[WHAT THE EXERCISE ASKS]
Return each line of the listing below, unchanged, and omit the images.

[INPUT DATA]
****************************************

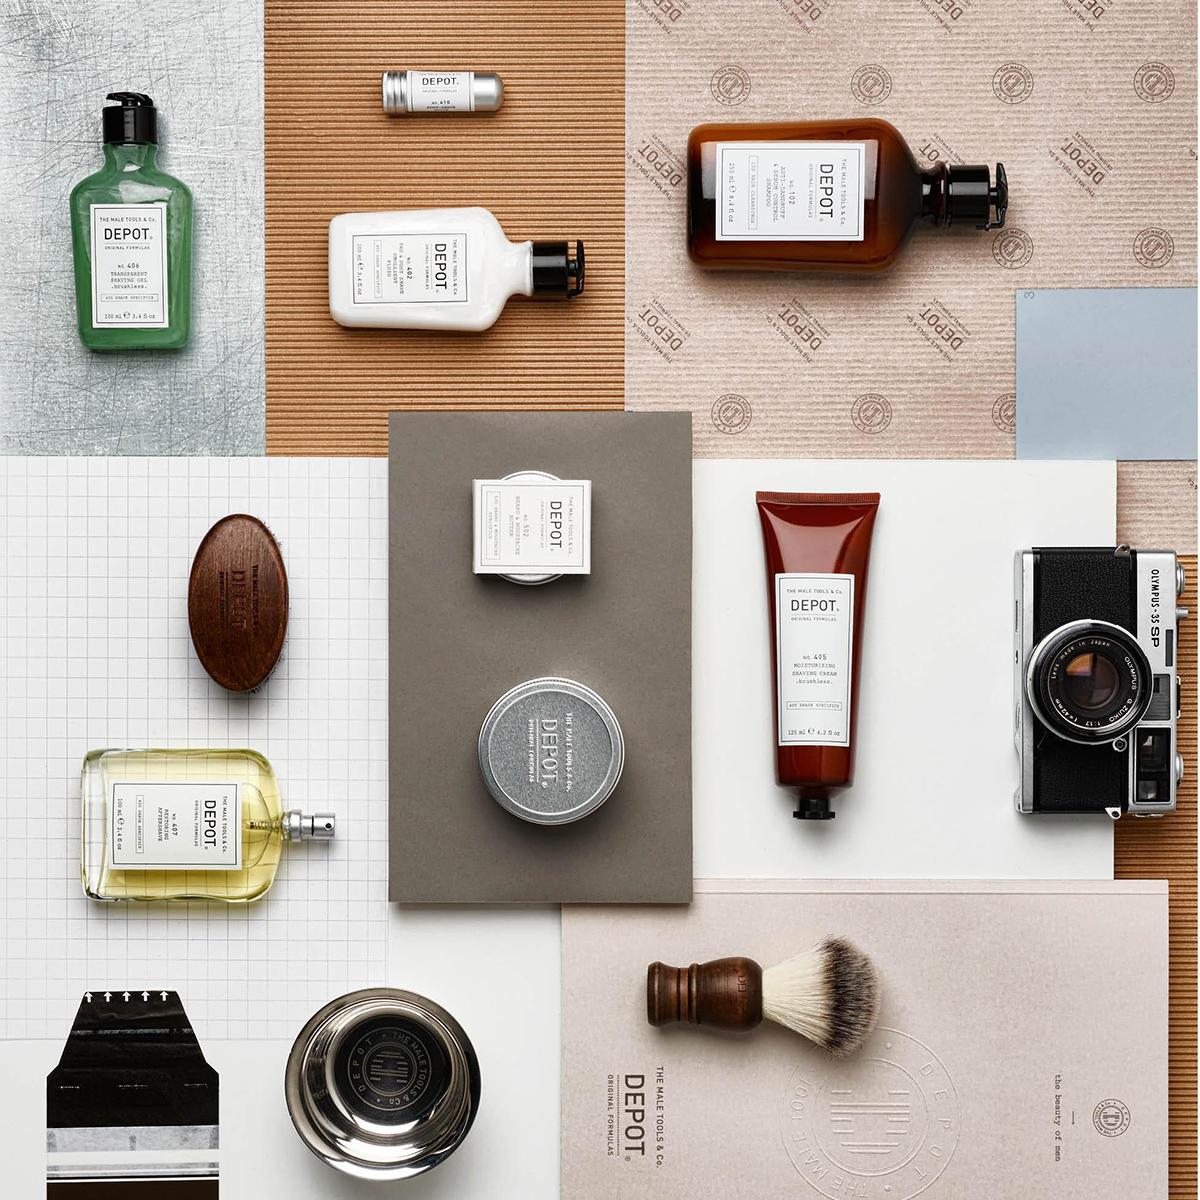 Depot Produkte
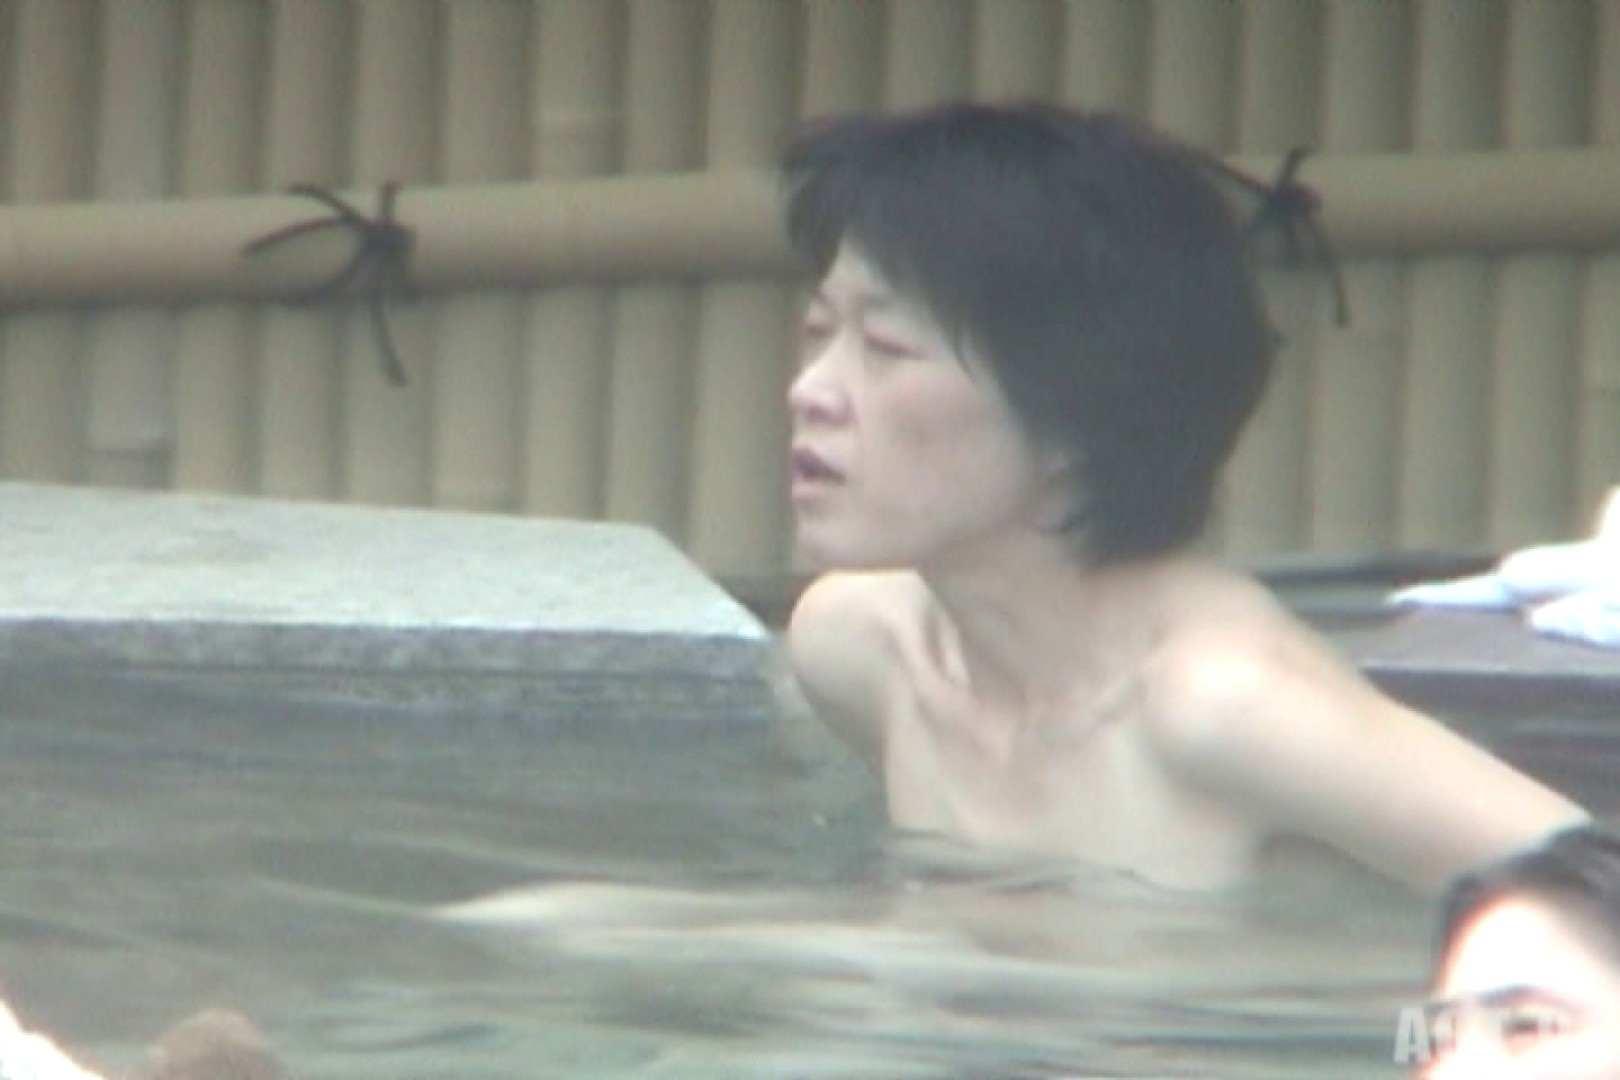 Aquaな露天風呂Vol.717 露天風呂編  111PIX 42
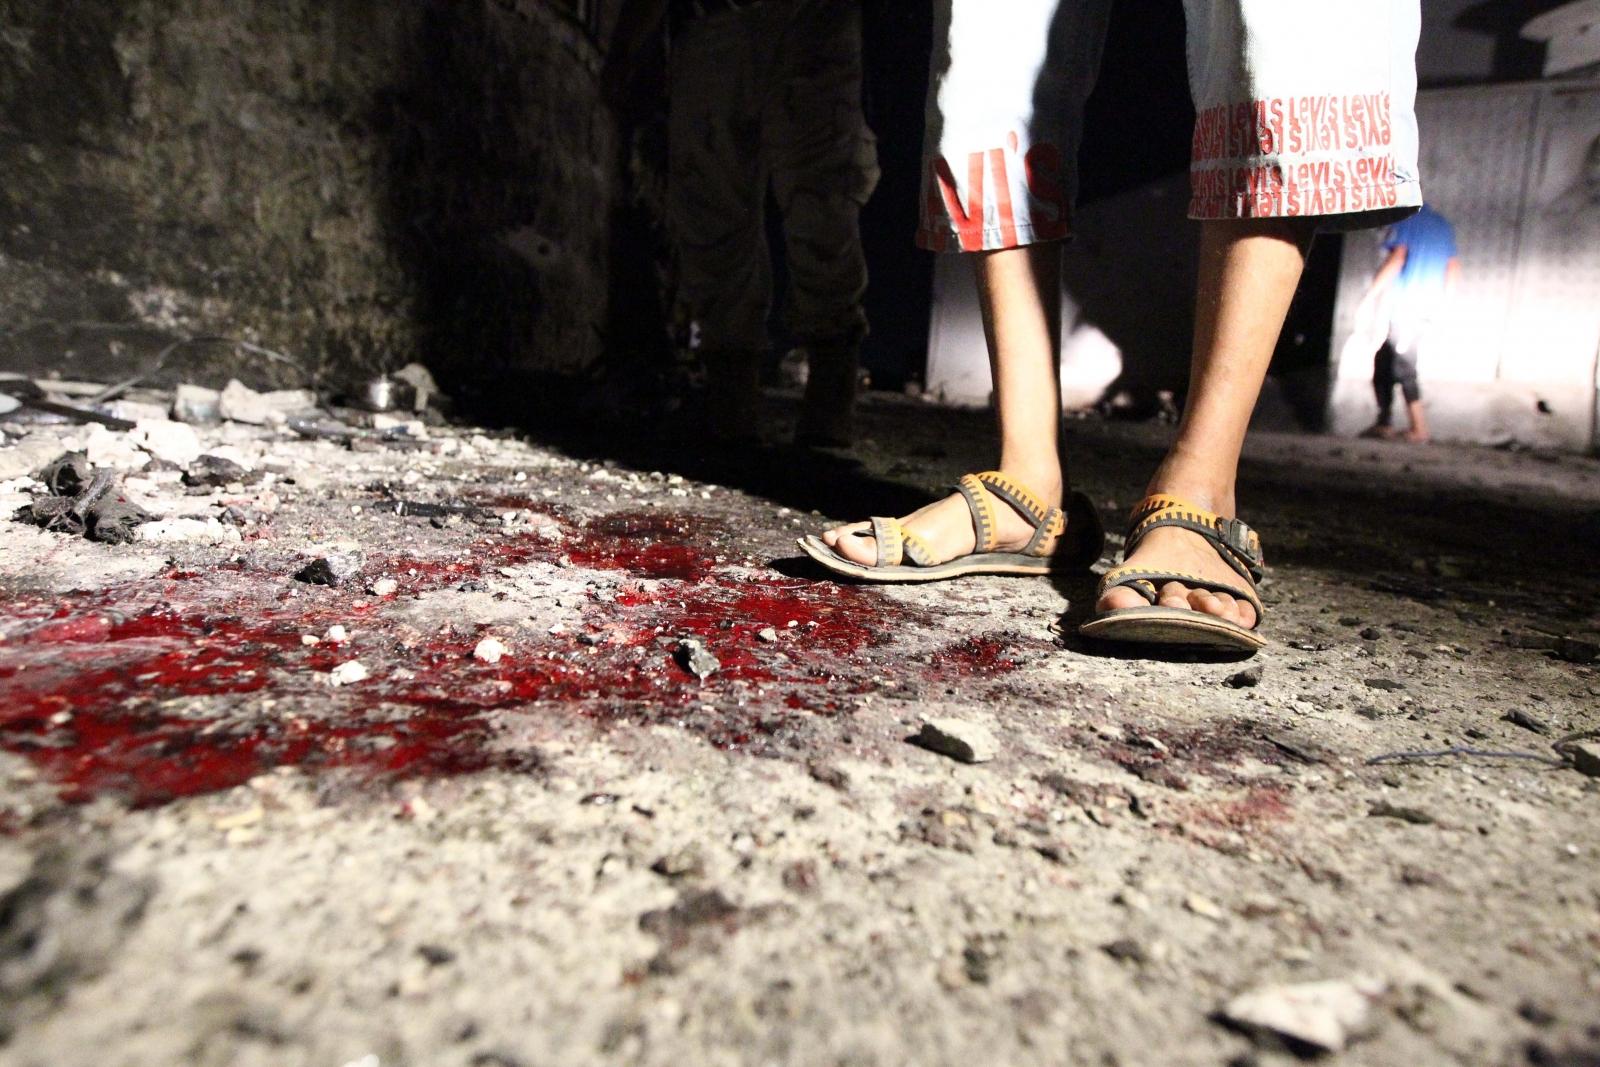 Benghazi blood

****************************************

[RESULT BELOW]
 Depot Produkte
 Aquaな露天風呂Vol.717 露天風呂編  111PIX 42
 Benghazi blood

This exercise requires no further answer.